**Task statement**.
Reproduce exactly the lines from the one containing "Kitchen Tiles Online" through the end of the listing, minus the pictures.
─── Supplied information ───
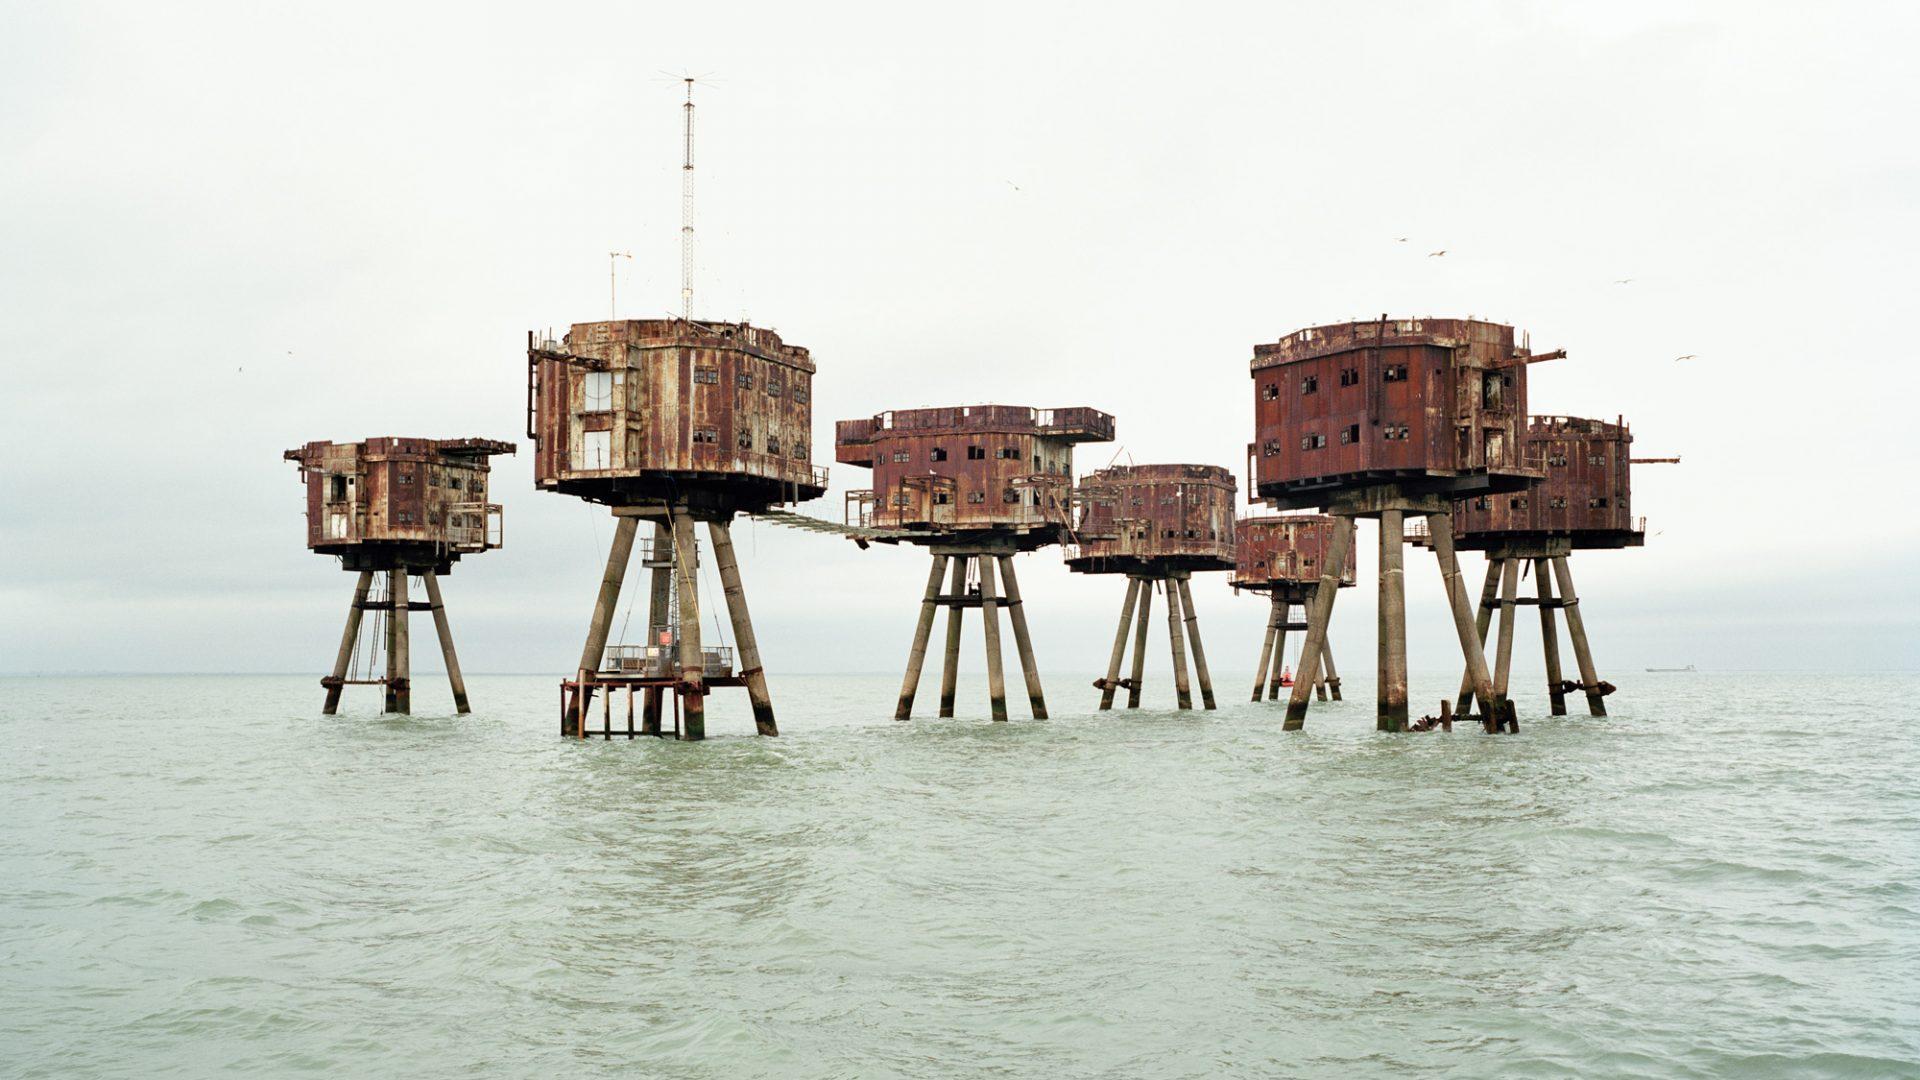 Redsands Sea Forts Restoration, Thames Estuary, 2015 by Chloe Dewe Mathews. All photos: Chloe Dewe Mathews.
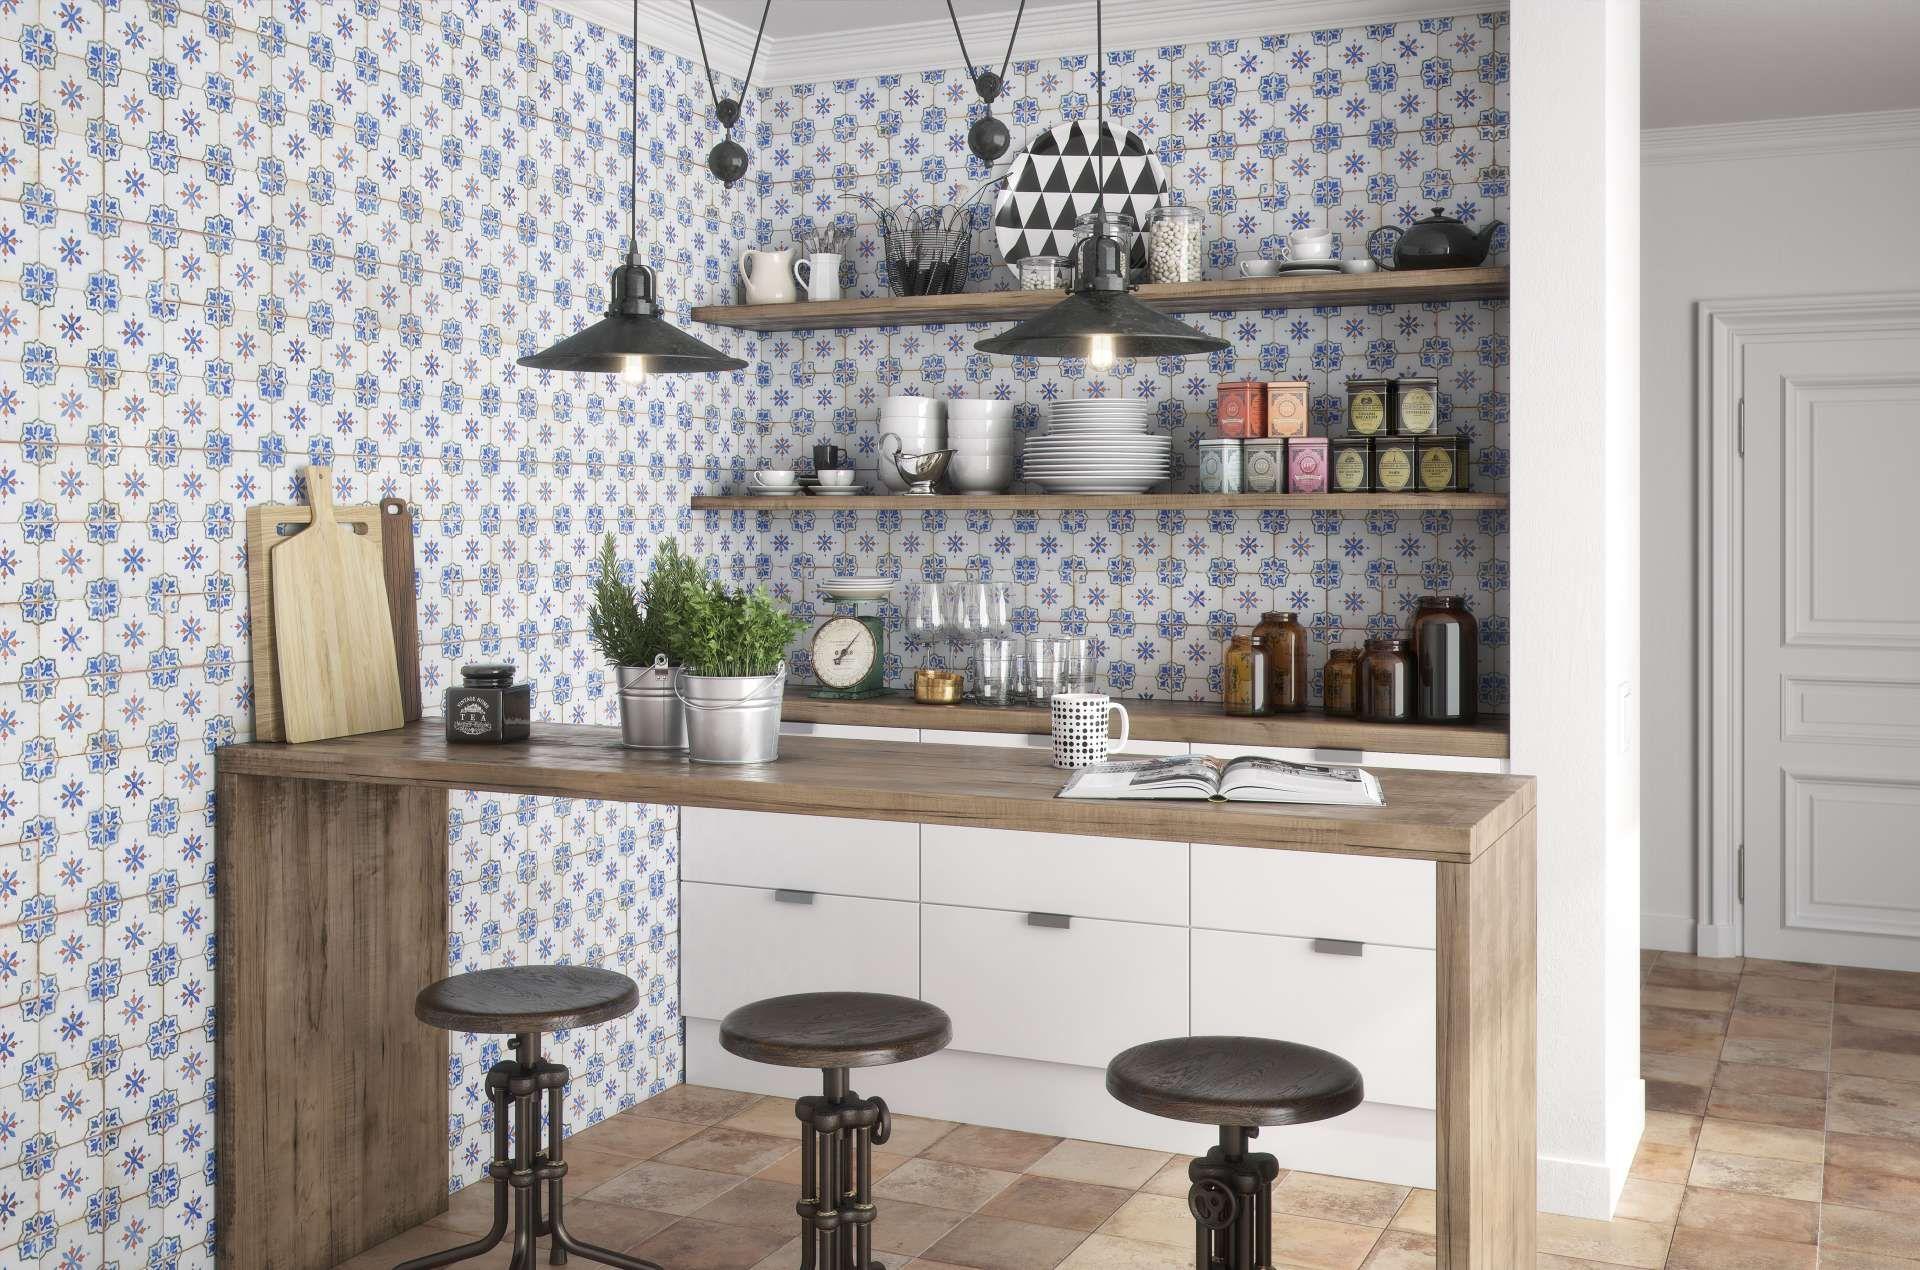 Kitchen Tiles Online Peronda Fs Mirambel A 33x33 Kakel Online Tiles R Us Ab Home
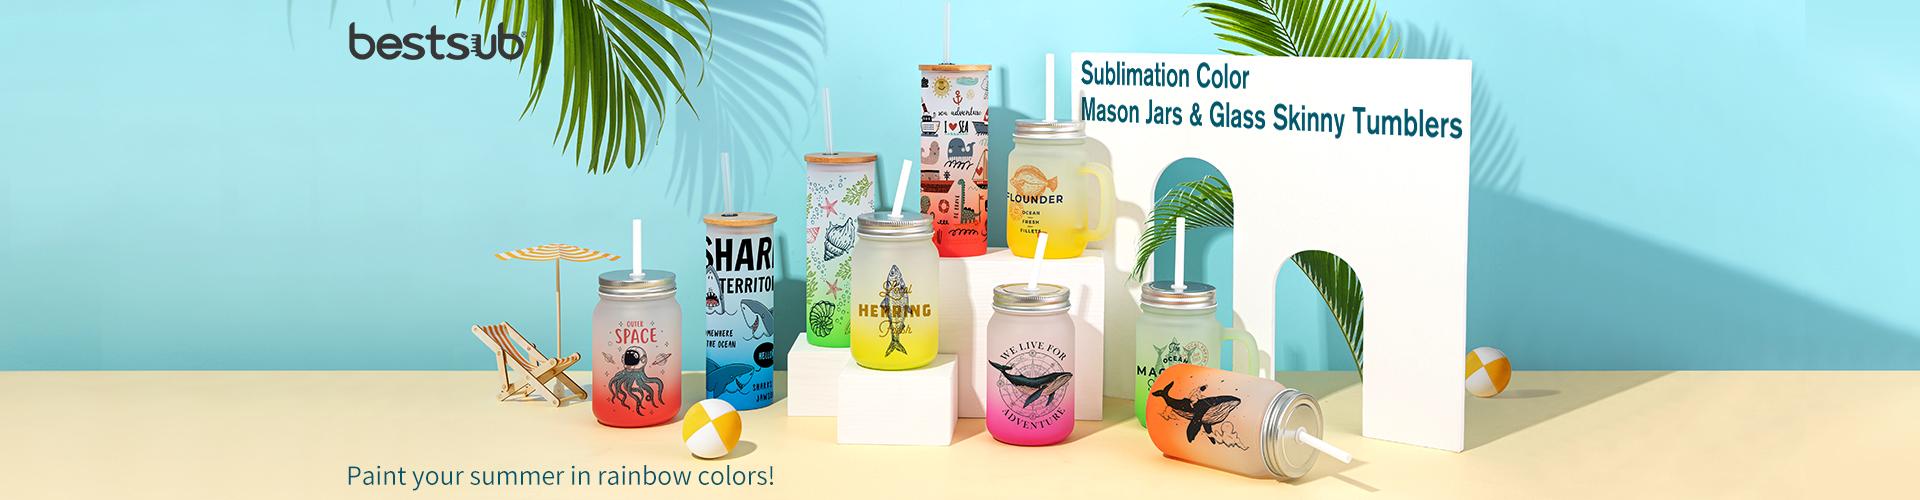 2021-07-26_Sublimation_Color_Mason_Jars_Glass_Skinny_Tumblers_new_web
───
**Answer to this problem**.
 Kitchen Tiles Online Peronda Fs Mirambel A 33x33 Kakel Online Tiles R Us Ab Home
 2021-07-26_Sublimation_Color_Mason_Jars_Glass_Skinny_Tumblers_new_web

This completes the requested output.